Seriously curious: why did you go to bother of turning it on? Do you really think there is a likelihood of made-up-username identity theft?


----------



## Shaun (8 Sep 2015)

jefmcg said:


> Seriously curious: why did you go to bother of turning it on? Do you really think there is a likelihood of made-up-username identity theft?



I didn't. The latest update included it and it cannot be disabled. Since it is there I thought it would be useful to advise _what _it is and give members the option to use it if they wish.

If it is of no interest to you just don't use it. 

Cheers,
Shaun


----------



## raleighnut (8 Sep 2015)

jefmcg said:


> Seriously curious: why did you go to bother of turning it on?
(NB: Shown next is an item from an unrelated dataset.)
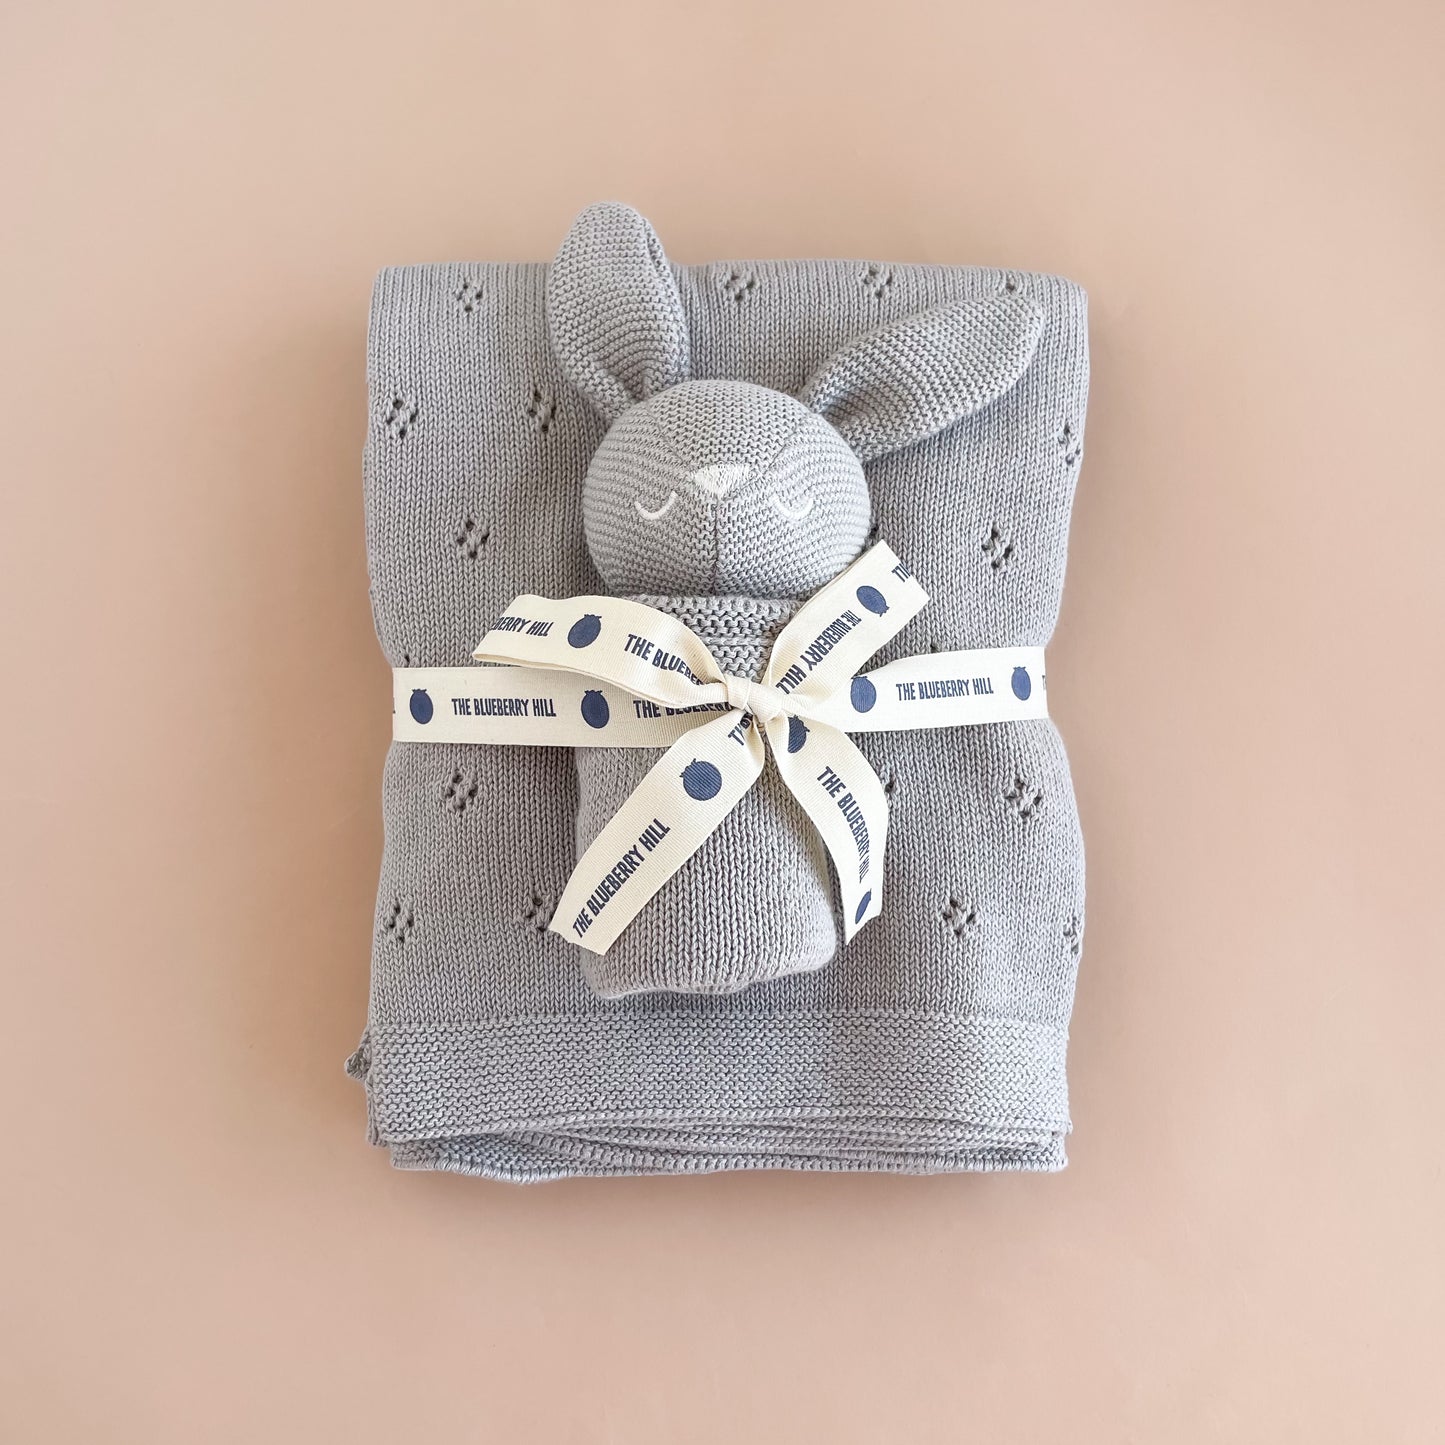 Pique Blanket & Bunny Lovey Gift Set, Grey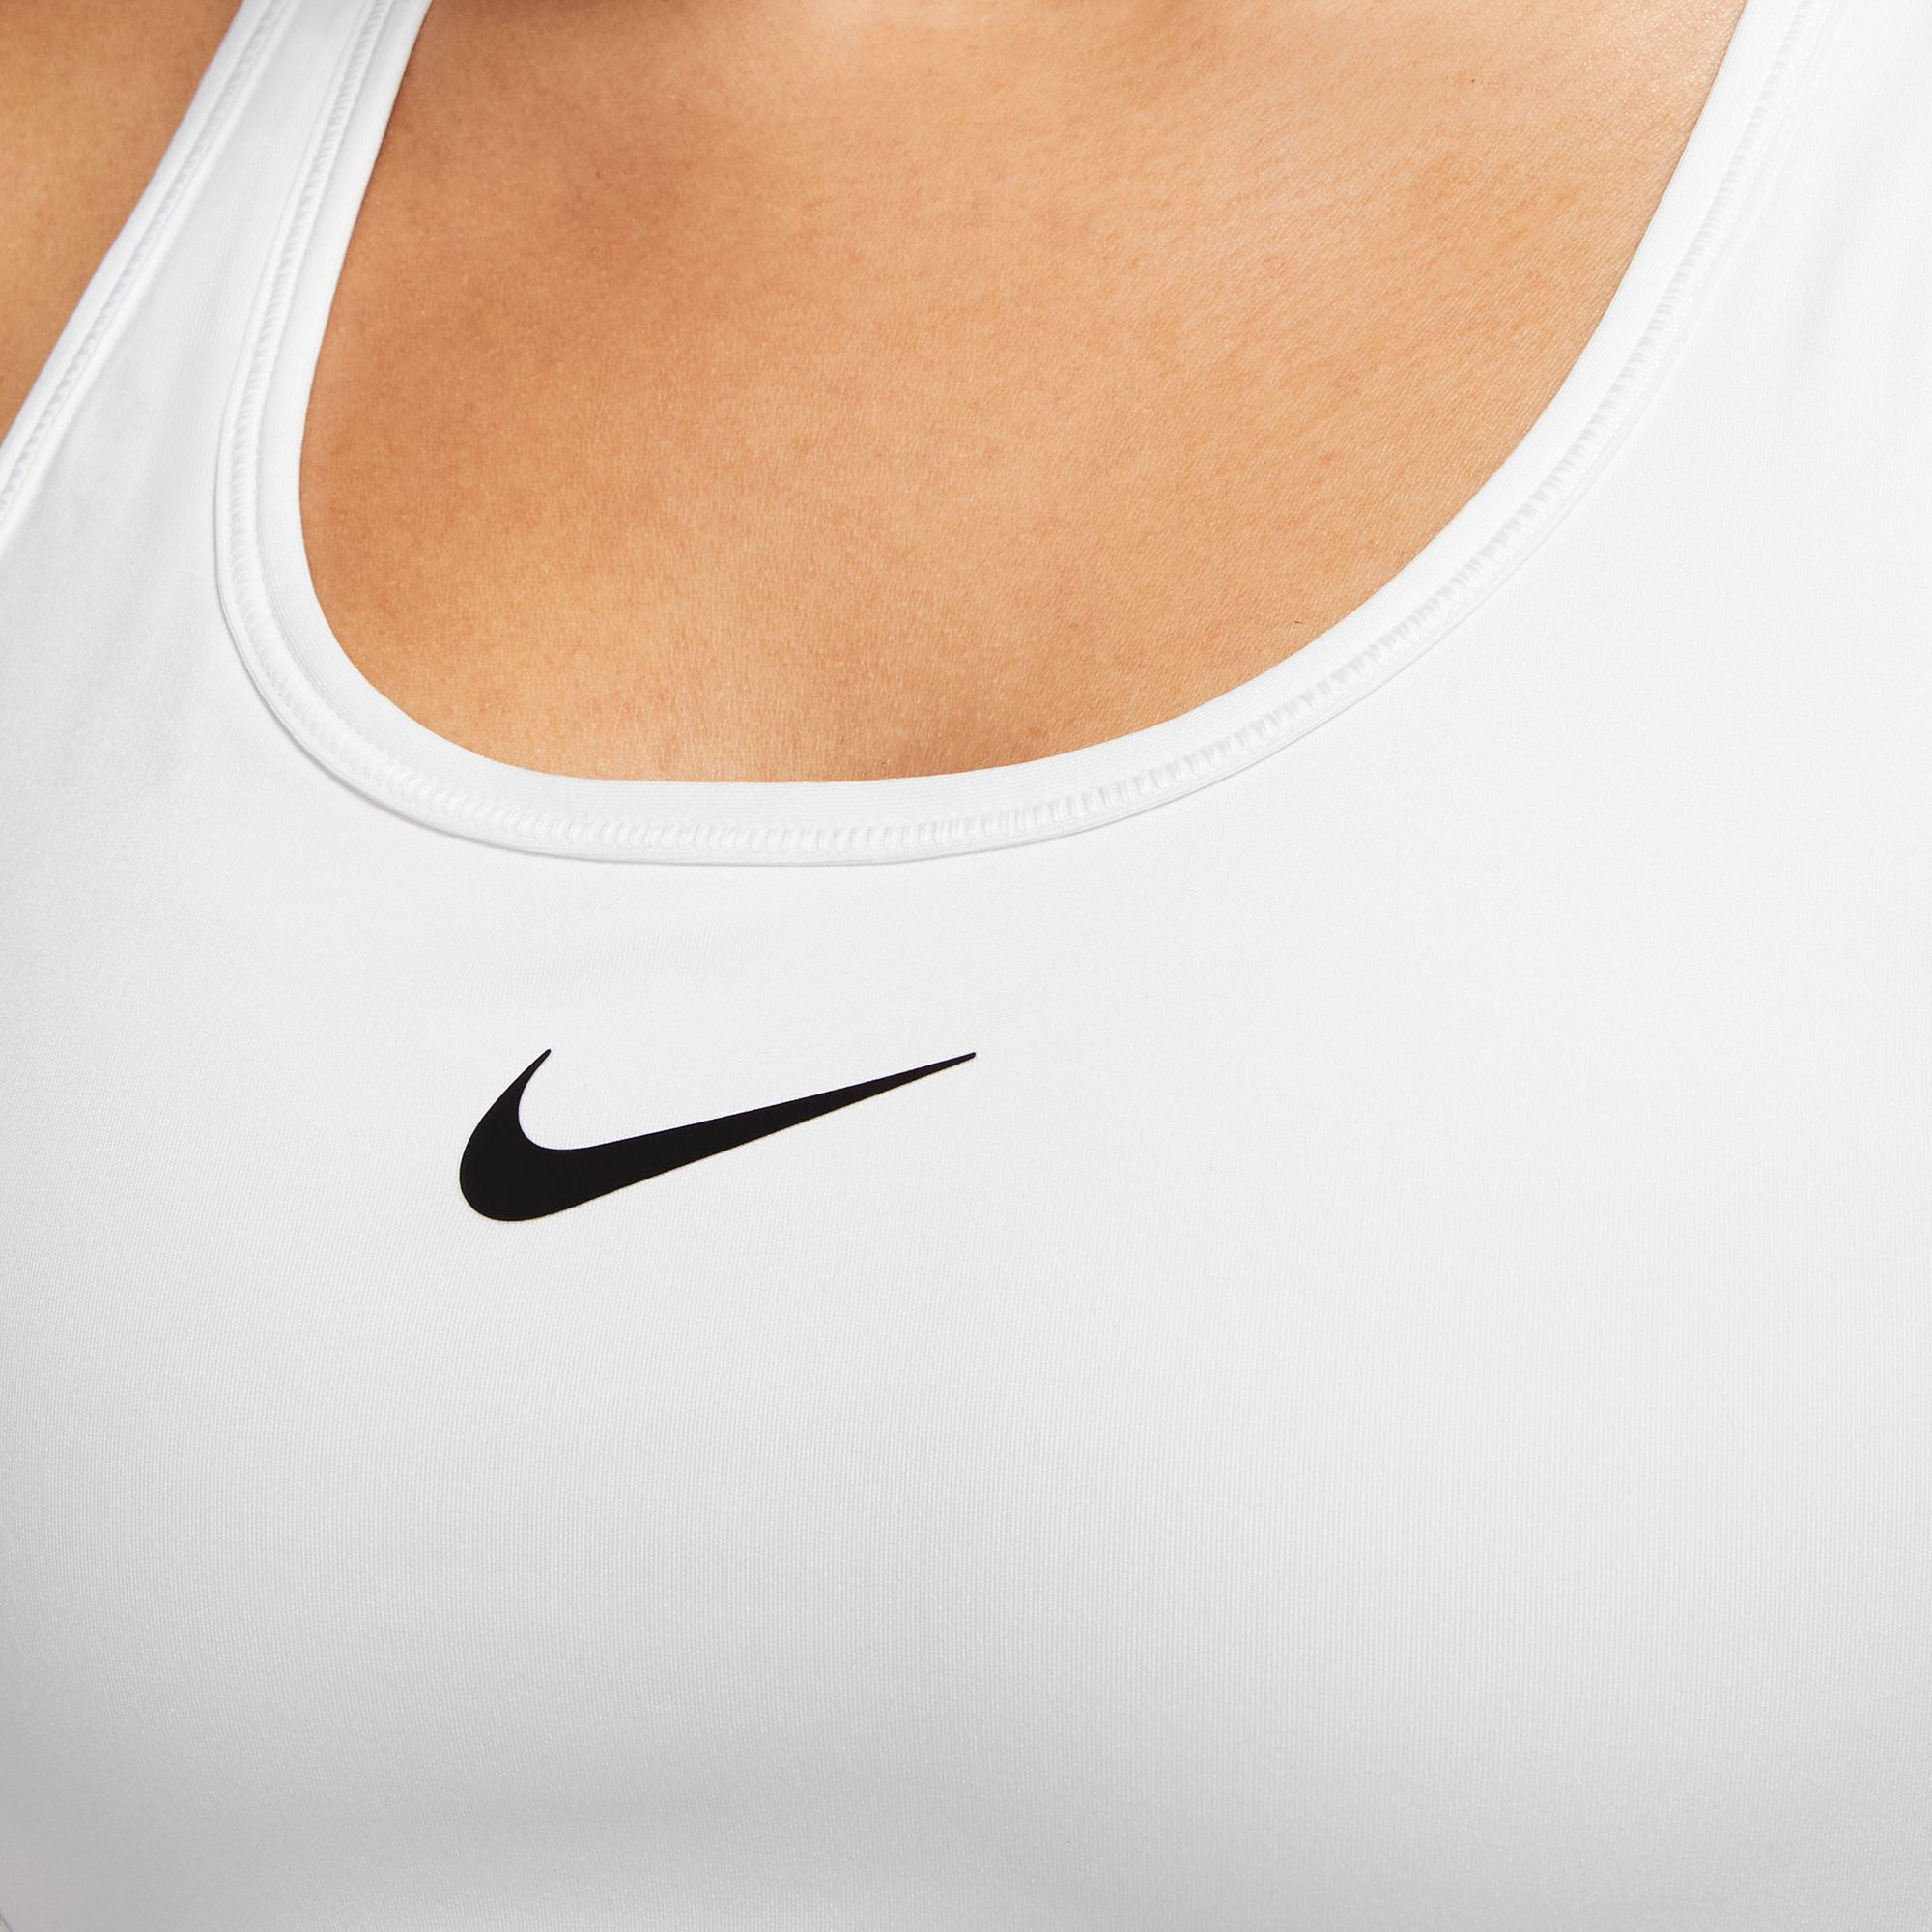 Nike Dri-Fit Women’s Tennis Tank Top Built In Bra Black/White Logo sz Medium

Do you really think there is a likelihood of made-up-username identity theft?


Can we use the excuse of being 'hacked' if we post drivel after midnight due to 'enjoying' ourselves a bit much  or will they still think it was us did it. 

Not that I ever post anything like that of course.


----------



## jefmcg (8 Sep 2015)

raleighnut said:


> Can we use the excuse of being 'hacked' if we post drivel after midnight due to 'enjoying' ourselves a bit much  or will they still think it was us did it.
> 
> Not that I ever post anything like that of course.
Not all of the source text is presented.